McGlashan T H
Arch Gen Psychiatry. 1983 Dec;40(12):1311-8. doi: 10.1001/archpsyc.1983.01790110053010.
Diagnostic systems require testing on several factors: reliability, comprehensiveness, concordance with established use, specificity, and validity. Three sets of diagnostic criteria for the borderline have been proposed recently: the Gunderson et al criteria, the DSM-III criteria for borderline personality (BP) disorder, and the DSM-III criteria for schizotypal personality (SP) disorder. This article reviews work to date testing these systems on these factors.
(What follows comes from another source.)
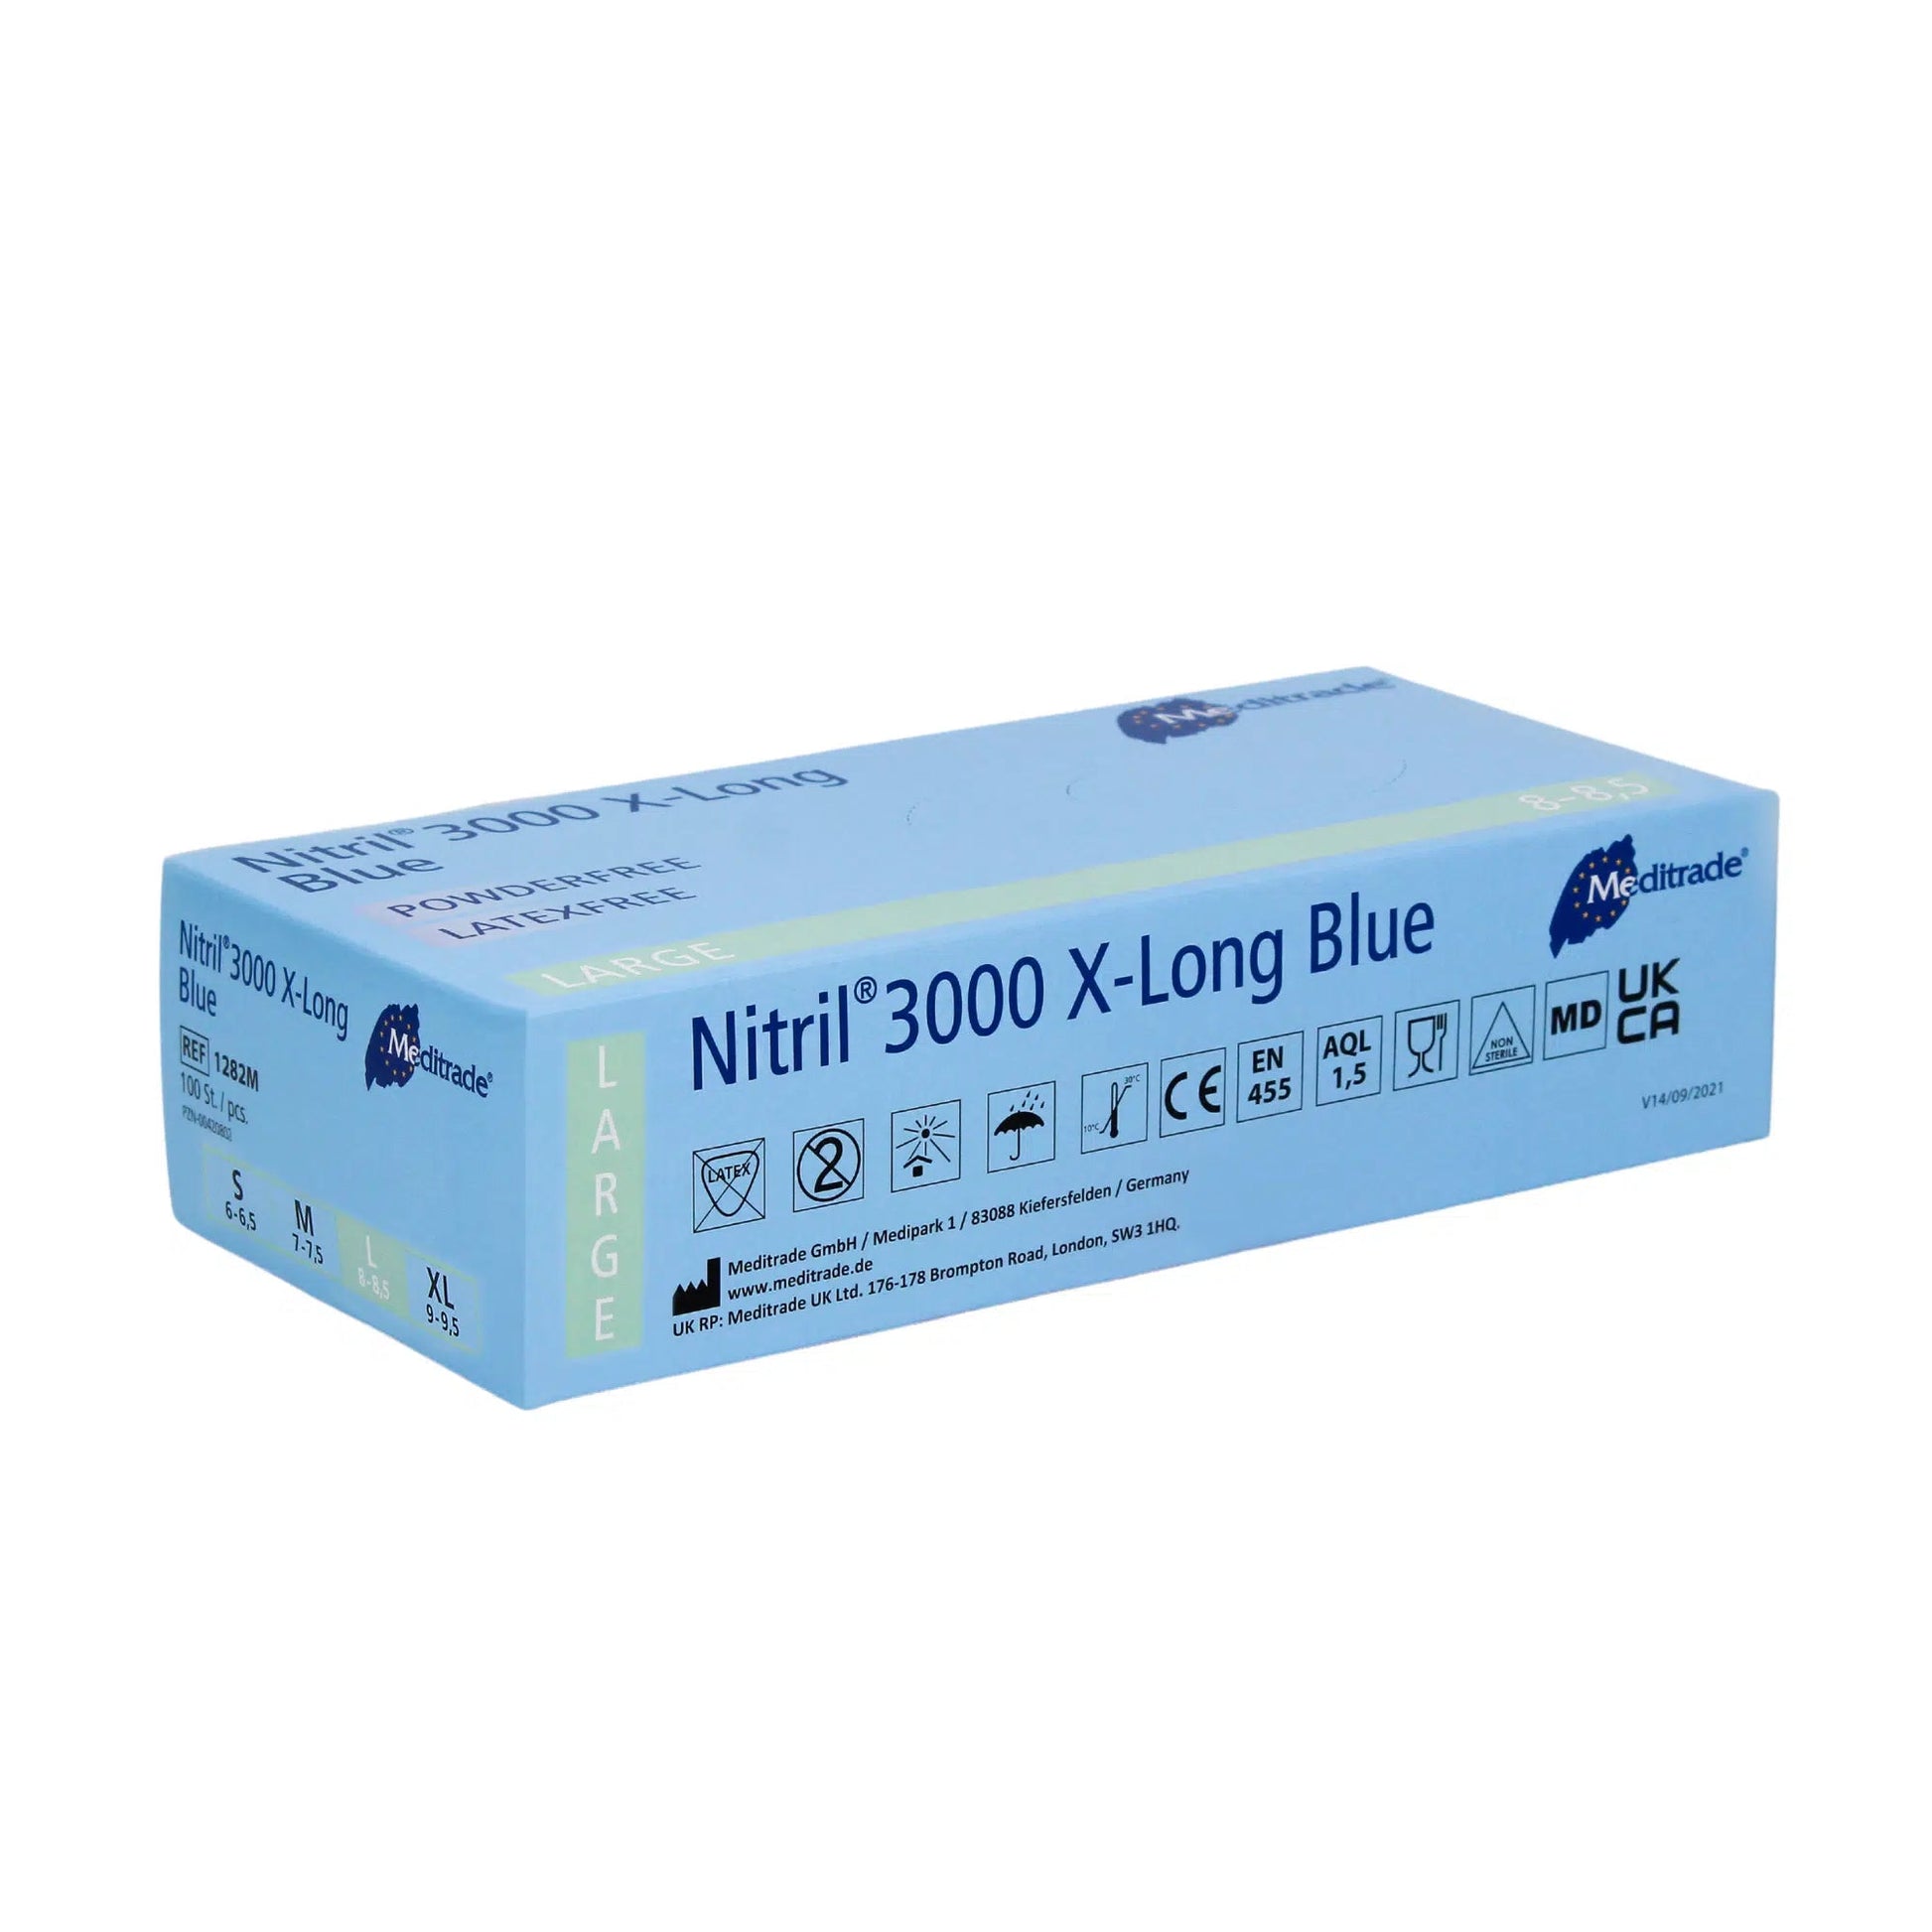 Eine Schachtel Meditrade Nitril® 3000 X-Long 100 Stk. Nitrilhandschuhe extralang, blau extralange Nitrilhandschuhe in großer Größe. Die Verpackung ist blau und weiß, gekennzeichnet mit verschiedenen Zertifizierungen wie CE.

New data are presented from the retrospective application of these criteria to the clinical records of 400 diagnostically heterogeneous former inpatients at Chestnut Lodge, Rockville, Md; 330 of them also received systematic follow-up by interview an average of 15 years after discharge. Results strongly supported the validity of the DSM-III division of borderline into BP and SP. Although the BP and Gunderson et al criteria demonstrated high concordance, the latter appeared to offer some slight advantages for defining BP disorder.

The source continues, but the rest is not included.